Tutto ciò non toglie il dover riconoscere soprattutto a Nko la capacità di aver offerto a Rondodasosa un ambiente sonoro di qualità in cui sentirsi comunque sempre a suo agio, nella ricerca di un’identità artistica più sfaccettata.
Stile
Contrariamente a ciò che ci si sarebbe potuti aspettare, essendo stati abituati a vederlo in un determinato immaginario, in TRENCHES BABY Rondodasosa ha dimostrato una grande versatilità. Ne è prova non solo la naturalezza con cui si è calato nel contesto latineggiante di SCUSA, ma anche la capacità con cui ha oscillato sul tappeto trap/drill di DRILLMOON, confezionato per lui da thasup.

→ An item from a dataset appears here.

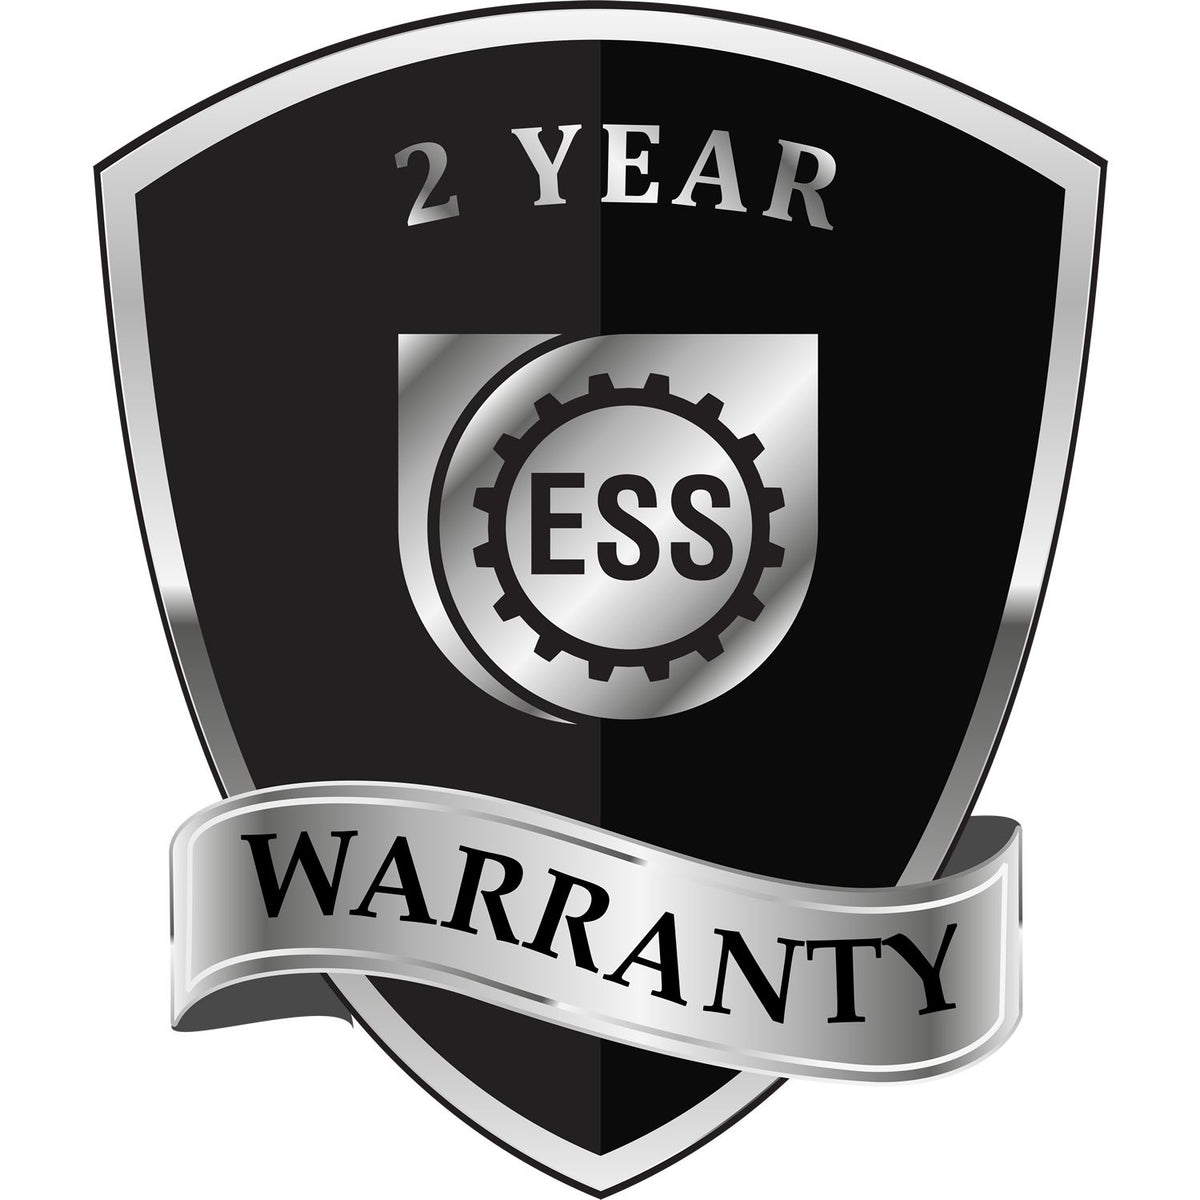 A black and silver badge or emblem showing warranty information for the Heavy Duty Cast Iron Iowa Geologist Seal Embosser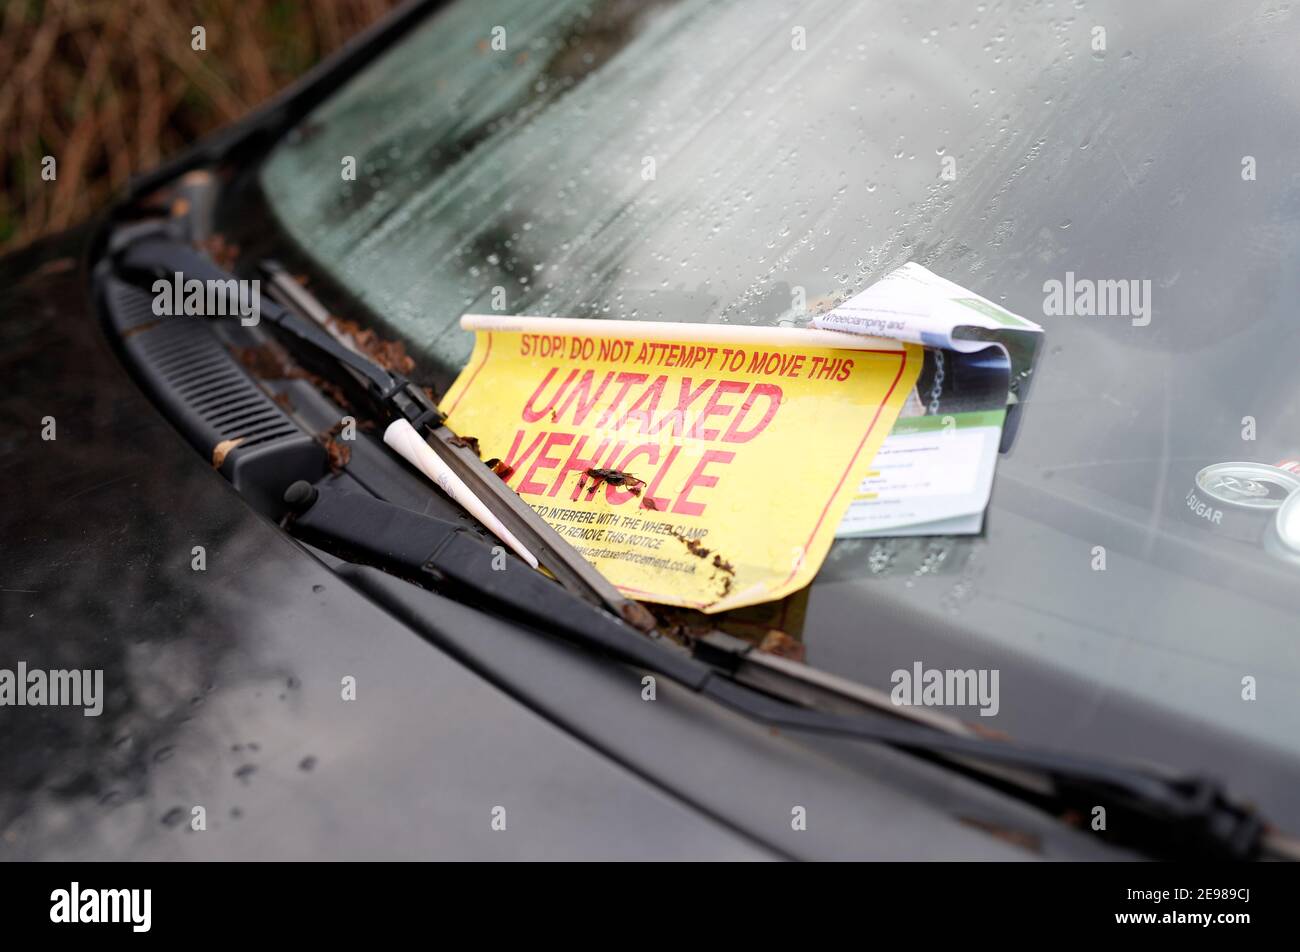 Loughborough, Leicestershire, UK. 3rd February 2021. A warning sticker peels from a Fiat Punto car immobilised by a DVLA clamp for having no road tax. Stock Photo

La prova più sorprendente, però, è quella di SIN CARA, nata dalla felice collaborazione tra Nko, Low Kidd e Miles. Rondodasosa non solo ha fatto vedere quanta famigliarità abbia col rap nudo e crudo, ma ha dimostrato di saper stare sul classic sia come ci si aspetterebbe, nella prima strofa, sia a modo suo, nella seconda.
Nel resto dei brani, l’artista è riuscito anche fondersi bene con i vari featuring. D’altronde, aveva già avuto modo di collaborare con Lazza, Vale Pain, tha sup e Capo Plaza, ovvero la quasi totalità degli artisti presenti, ad eccezione di Rose Villain e Ghali che figurano in CELL. Forse solo nella collaborazione con le star internazionali Gazo e Russ Millions, Rondodasosa trova coi due meno alchimia di quanto i due ospiti non facciano tra loro.
Indubbiamente, è nel suo, ovvero in TOKYO, che il driller ha fatto maggior sfoggio delle sue capacità e della sua energia, anche grazie alla padronanza dello slang del genere. Il brano si presenta come l’incarnazione perfetta della personale interpretazione della drill dell’artista e Nko. E sarà senza dubbio difficile per Rondodasosa, nella sua sperimentazione appena avviata, riuscire a raggiungere un livello simile in altri stili. Magari restringendo il ventaglio di scelta in successivi progetti, il compito risulterà un po’ meno arduo. Ma di certo non impossibile.